Data provided section start

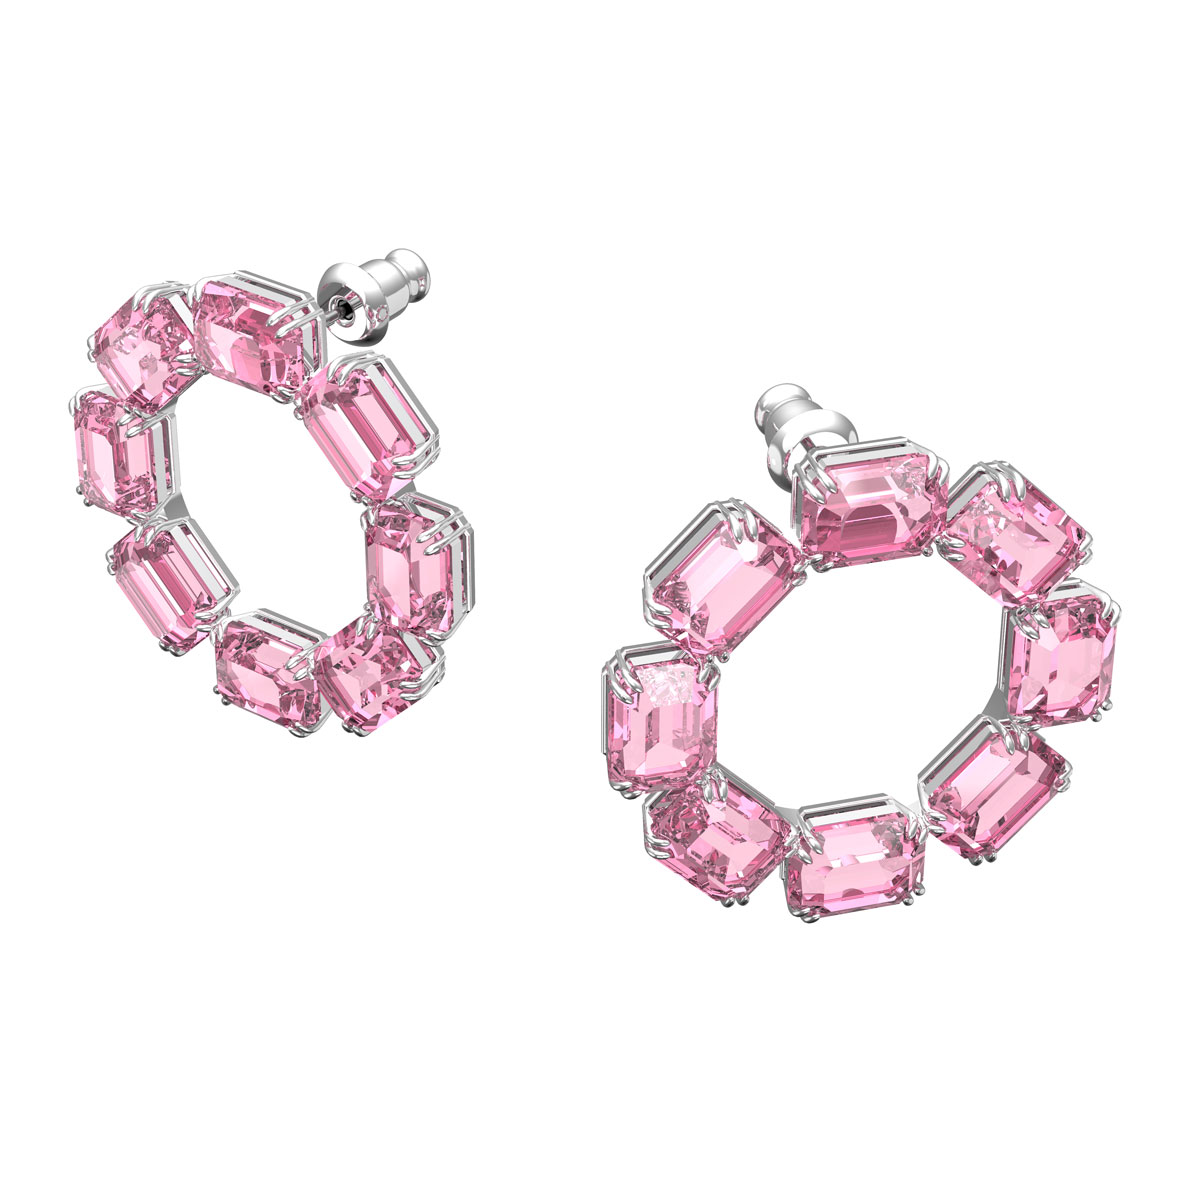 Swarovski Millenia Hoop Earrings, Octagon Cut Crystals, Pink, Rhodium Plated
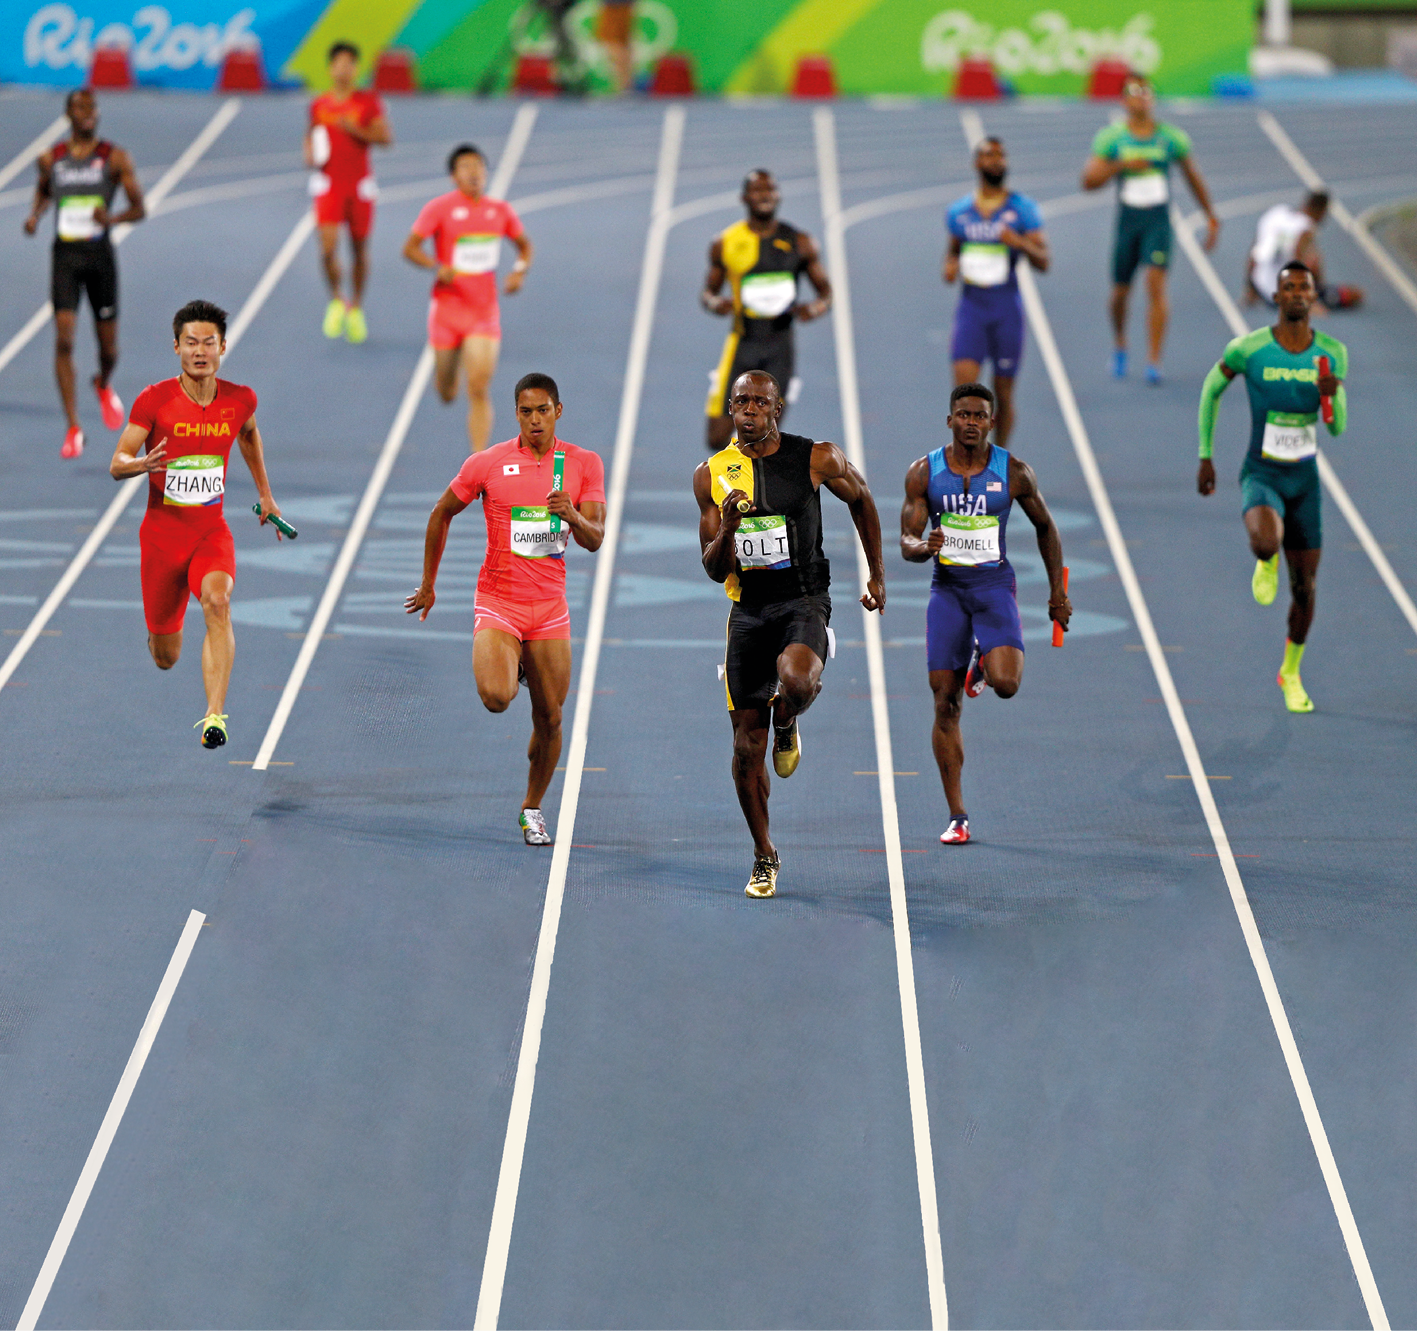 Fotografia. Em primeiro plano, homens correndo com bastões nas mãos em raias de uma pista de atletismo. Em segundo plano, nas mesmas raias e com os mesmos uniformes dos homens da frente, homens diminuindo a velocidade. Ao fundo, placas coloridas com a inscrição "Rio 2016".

Data provided section end
Data provided section start

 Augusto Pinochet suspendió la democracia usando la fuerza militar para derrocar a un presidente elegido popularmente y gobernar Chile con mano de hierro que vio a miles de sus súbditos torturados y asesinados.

Data provided section end

> _Task prompt_
Copy exactly, without pictures, the lines above from the one with "Swarovski Millenia Hoop" down to the one with "Fotografia. Em primeiro", inclusive.

> _Written solution_
 Swarovski Millenia Hoop Earrings, Octagon Cut Crystals, Pink, Rhodium Plated
 Fotografia. Em primeiro plano, homens correndo com bastões nas mãos em raias de uma pista de atletismo. Em segundo plano, nas mesmas raias e com os mesmos uniformes dos homens da frente, homens diminuindo a velocidade. Ao fundo, placas coloridas com a inscrição "Rio 2016".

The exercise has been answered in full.